HIV drugs may be used to fight malaria

New research has shown that drugs used to treat HIV may one day also target parasitic diseases such as leishmaniasis and malaria.

In a study published in The FASEB Journal, scientists from the Cardiff School of Biosciences at Cardiff University in the United Kingdom identified how a particular protein called Ddi 1 from Leishmania parasites is sensitive to anti-HIV inhibitors.

While it was known that HIV could kill parasites, this is the first time that scientists have learned how the target mechanism operates. The research has the potential to significantly alter the way parasitic diseases are treated.

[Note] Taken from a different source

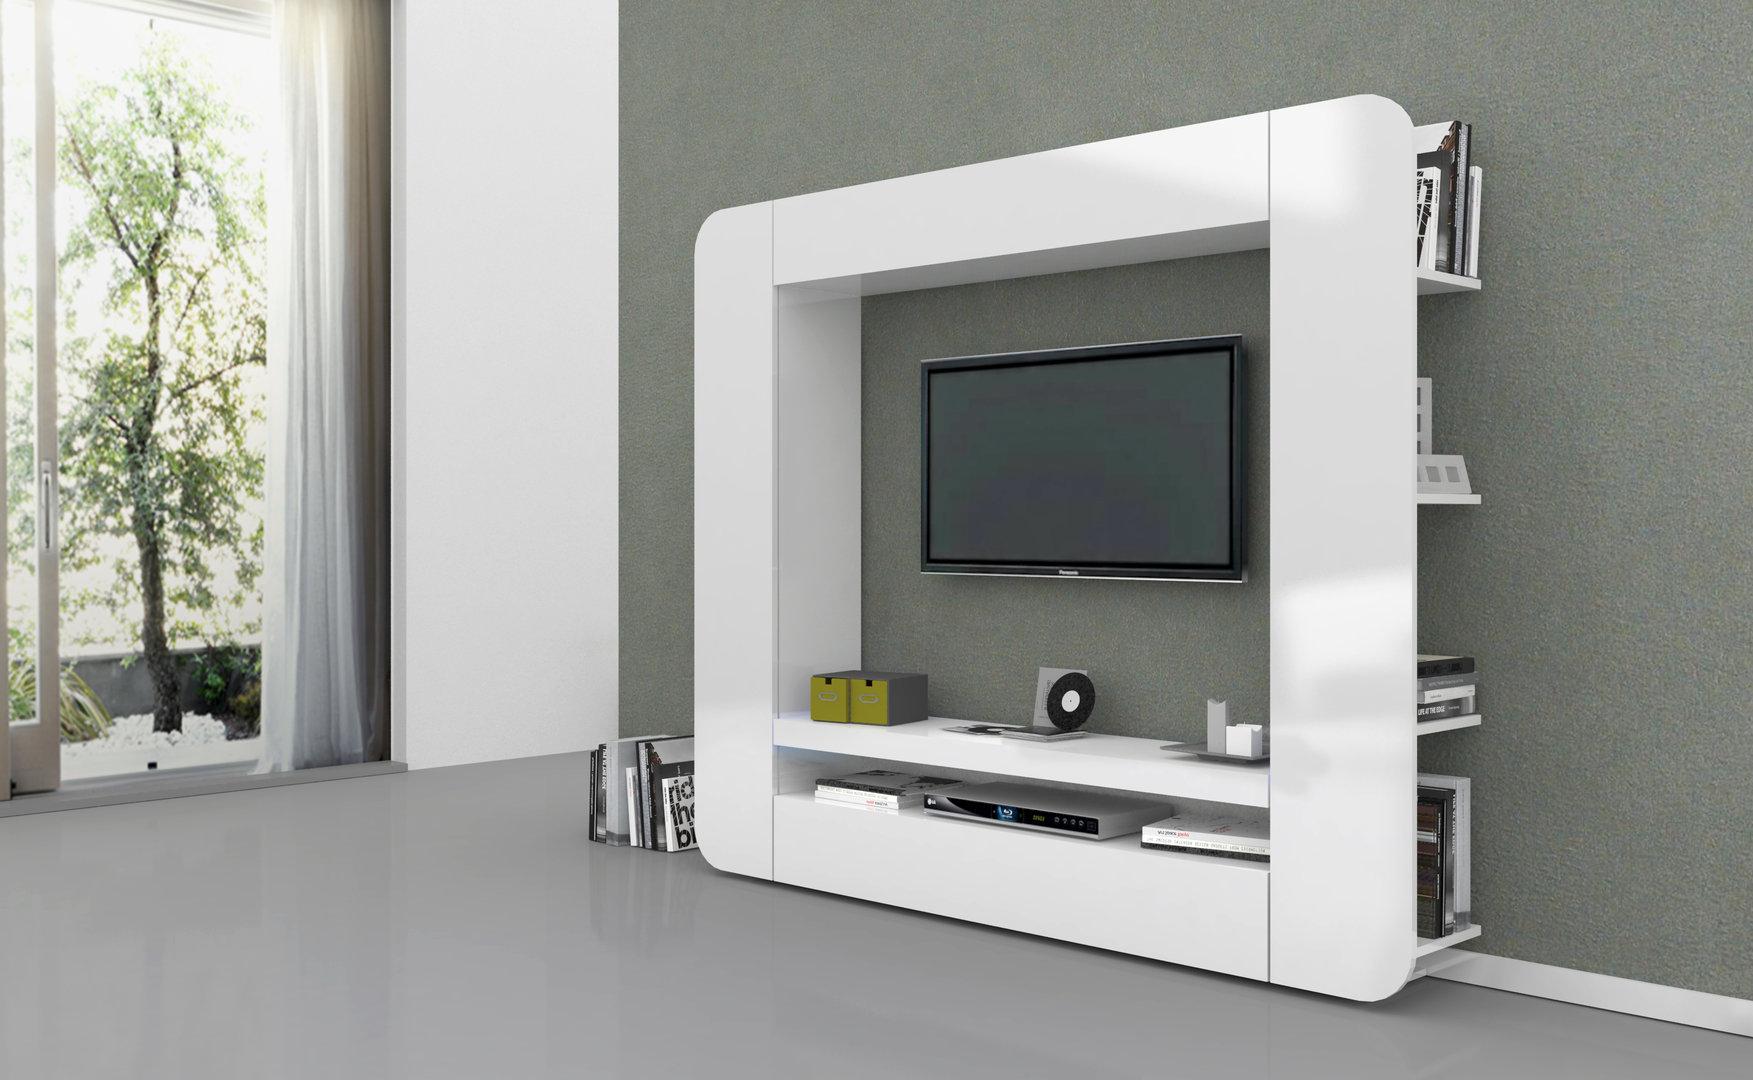 Soggiorno bianco o antracite zurigo mobile porta tv moderno for Mobile da soggiorno moderno
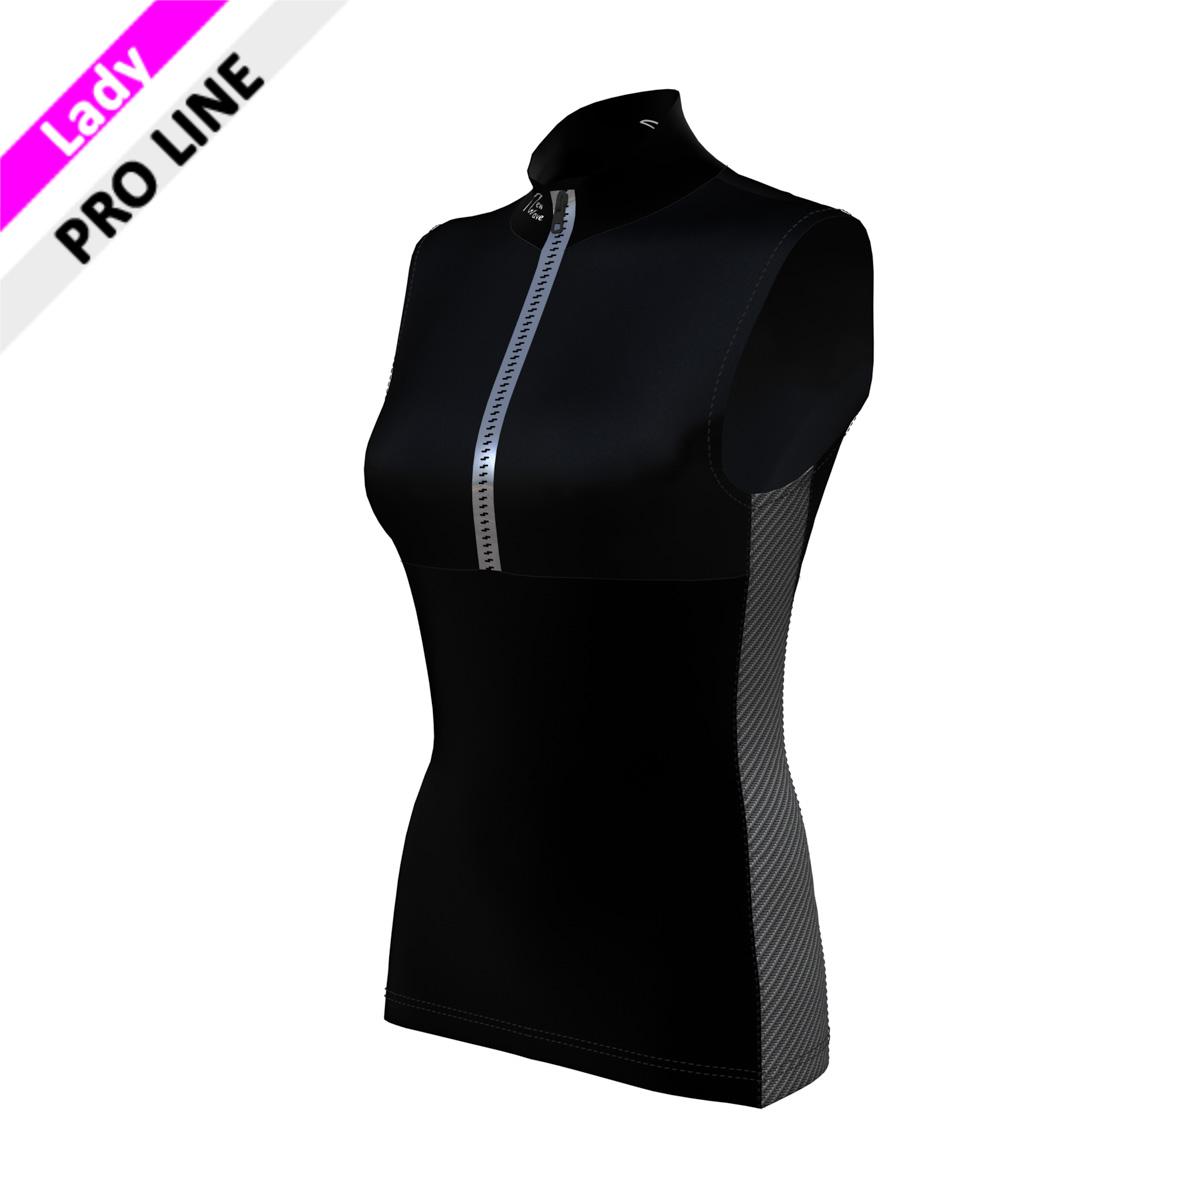 Pro Vest Lady - Black/Carbon (Kragen & Body - schwarz/Seitenstreifen - carbon)

"People in developing countries can be exposed to parasitic diseases such as malaria and leishmaniasis that can kill millions of people, so new and effective drugs are urgently needed to combat these infections," Dr. Colin Berry of the University of Cardiff said. "The use of existing anti-HIV agents has indicated that there is a potential target in some parasites and by identifying the protein responsible, we hope to exploit this weakness in the parasite to develop new and effective therapeutics to combat these devastating diseases."

Scientists conducted the study by examining yeast that lacked the Ddi 1 protein. They found that the yeast secreted high levels of proteins. The addition of the Leishmania Ddi 1 protein to the yeast returned the amount of proteins secreted to normal levels until HIV proteinase inhibitors were added.

The inhibitors blocked the ability of Leishmania Ddi 1 to reduce the yeast’s secretions, proving that there was a clear interaction with the drug.

When the scientists conducted tests on human Ddi 1, they managed to identify drugs that were able to block the Leishmania Ddi 1 but that were much less effective on its human equivalent. This raises the possibility that future drugs could have reduced side effects.

Further research is still needed, but the potency of the existing compounds indicates that the researchers may have found a useful starting point for exploratory chemistry.

"Like HIV, parasitic diseases have been and still are a serious threat to human health world-wide," Gerald Weissmann, editor-in-chief of The FASEB Journal, said. "Millions die each year from these maladies and we desperately need new drugs. How fortuitous that agents designed against one killer, HIV, may now be turned against parasitic diseases such as leishmaniasis and malaria."